2)  Choose Import Data

3)  The default settings on this next screen are usually what we want, namely:
- The Standard data source is checked and the option showing is:
- Microsoft Excel 97 or 2000 (*.xls). If not, make it so, and click on Next

4)  Tell SAS where the EXCEL spreadsheet is. You can use the Browse button to find it. Browse will start in your current working directory (showing at the bottom of the SAS window), so this is a good place in which to have the file.

5)  Once you have selected the file, click on the box called options. If you have variable names in the row right above the data, check on the box: Column names in first row.
- If the column names are in the very first row of the spreadsheet, click on Next.
- If the column names are not in the very first row of the spreadsheet, you may have to specify the cell range that you want to import. This is done in the Worksheet/Range box. The drop-down arrow will list the worksheets available. If you have renamed the worksheet, both names may be there. For firstvariable.xls, we use: No_blank$A8:E32. Now click on Next.

6)  Now we choose where the new SAS dataset will go. WORK is the default SAS library and datasets put there will stay there until SAS is closed up. Choose a member name. For our firstvariable.xls, we can use any name we want, so I’ll use First.

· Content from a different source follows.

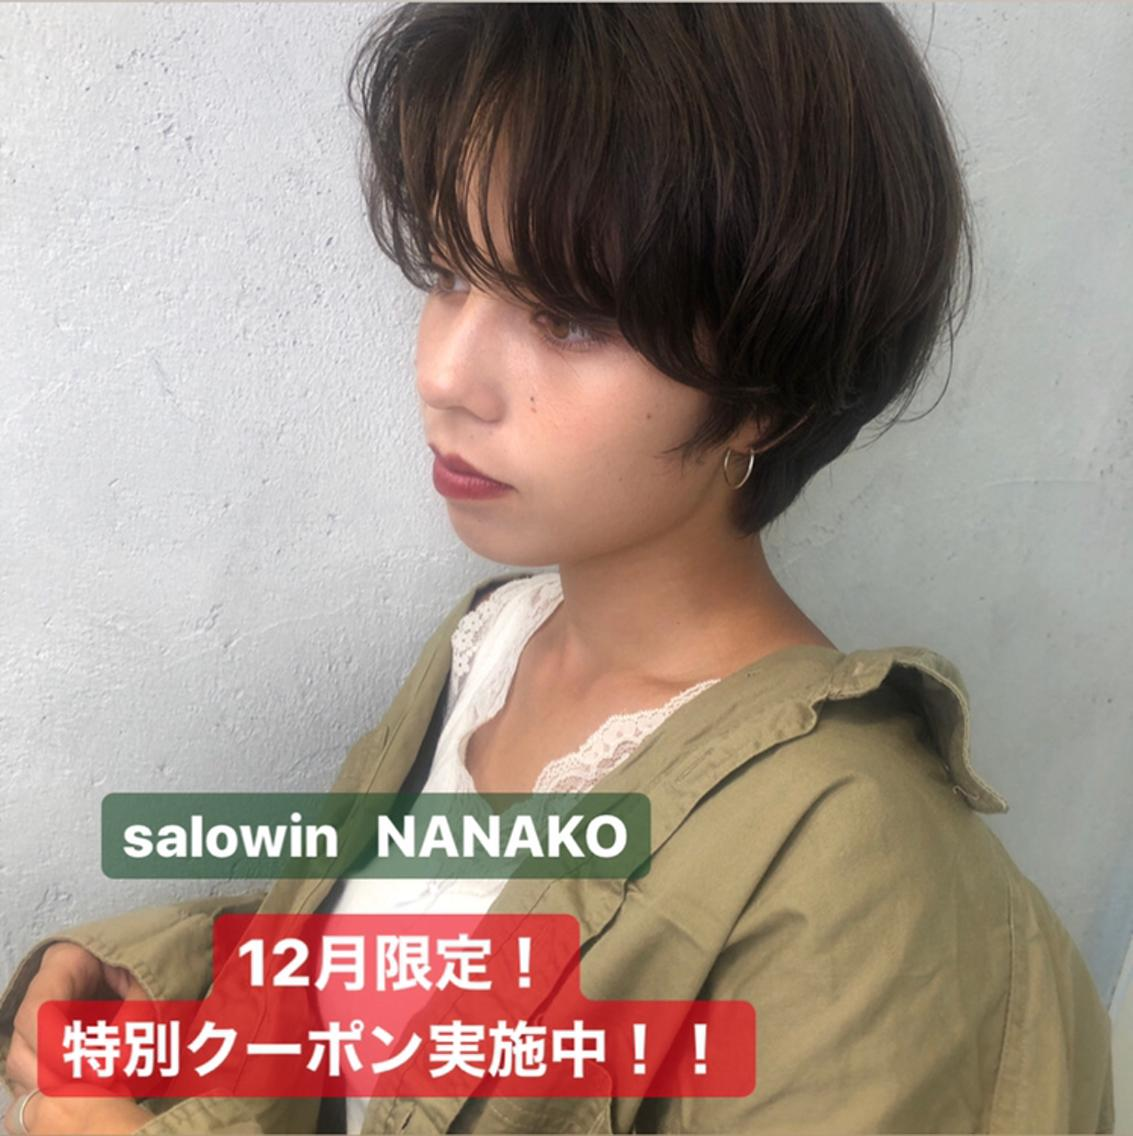 salowin原宿所属・小顔前髪デザイナー❤️NANAKOの掲載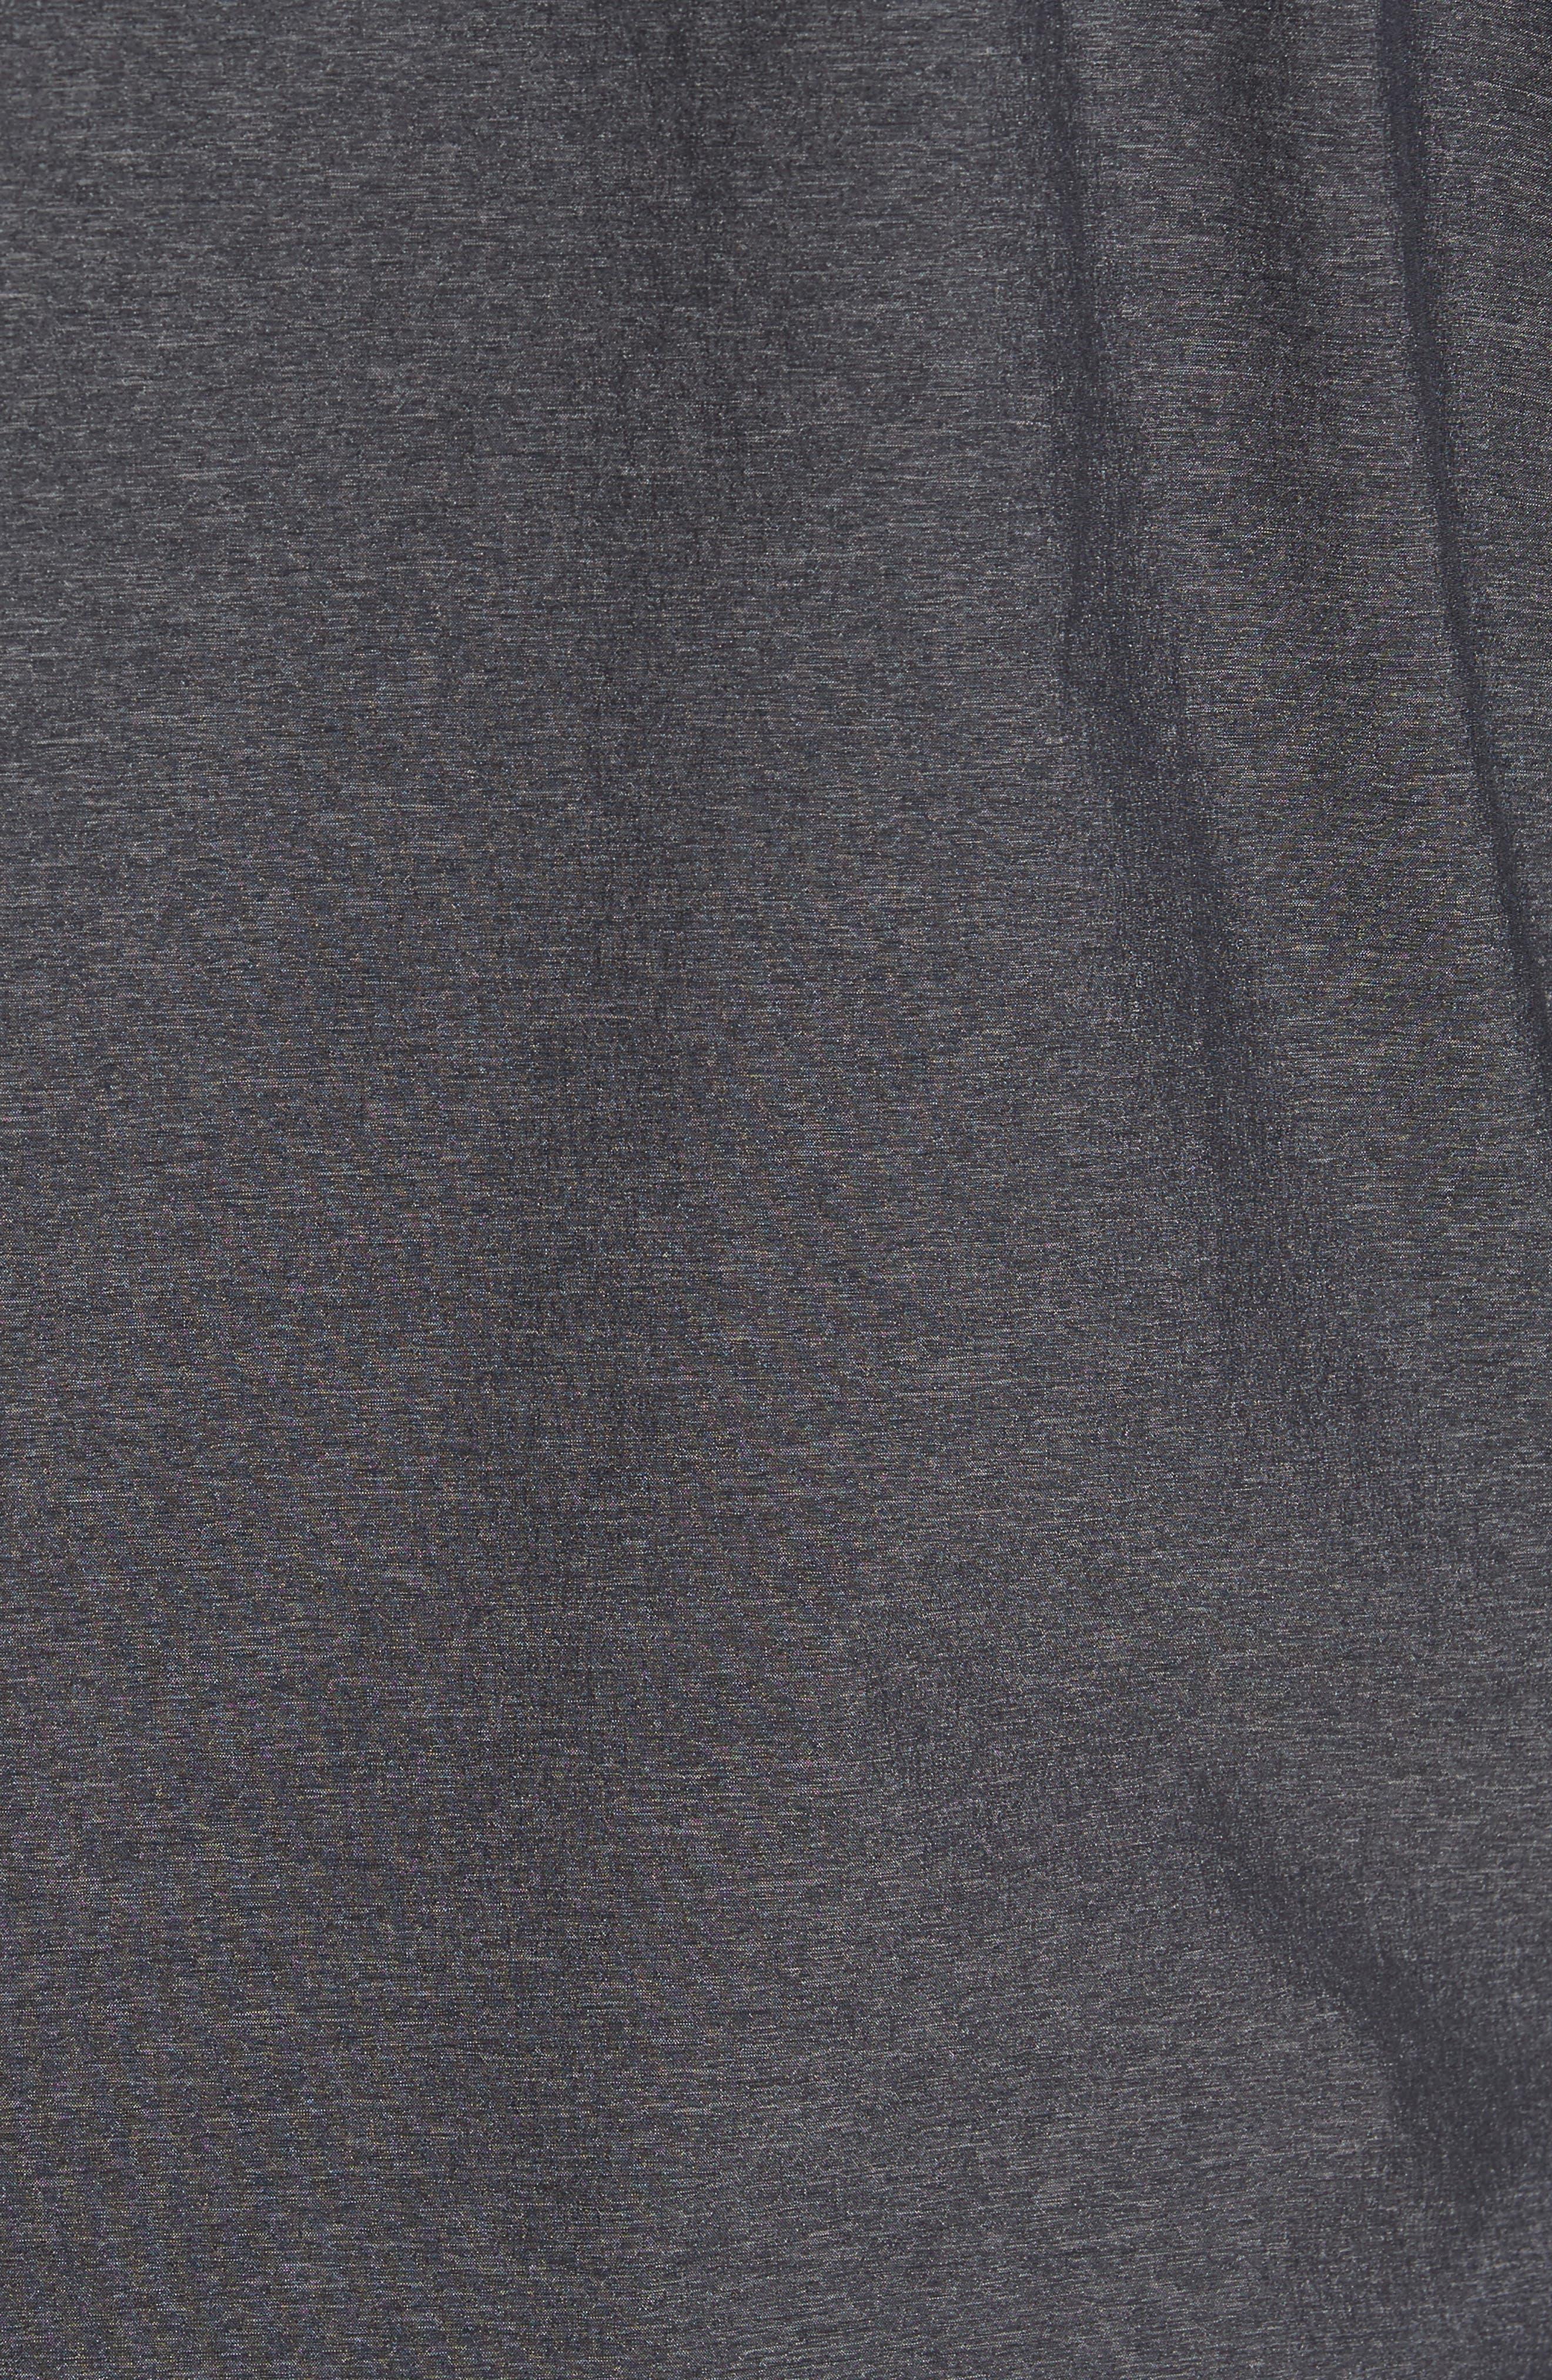 Knit & Woven Hoodie,                             Alternate thumbnail 5, color,                             Grey Ebony - Black

7)  The next option is used to store the program that imports the data into a file. I like to do this so that I can make corrections without going through the import wizard again, and because I can add it to a program and easily rerun it again if necessary. So we’ll store this program as import.sas in the current working directory. Again, the browse button is available if you want to store it somewhere else.

8)  Before you click on Finish, it is ESSENTIAL that the EXCEL spreadsheet you are importing is NOT open in EXCEL or the import will fail[1]. I often forget to do this, and so the saved program is handy since I just close the EXCEL spreadsheet and rerun the program.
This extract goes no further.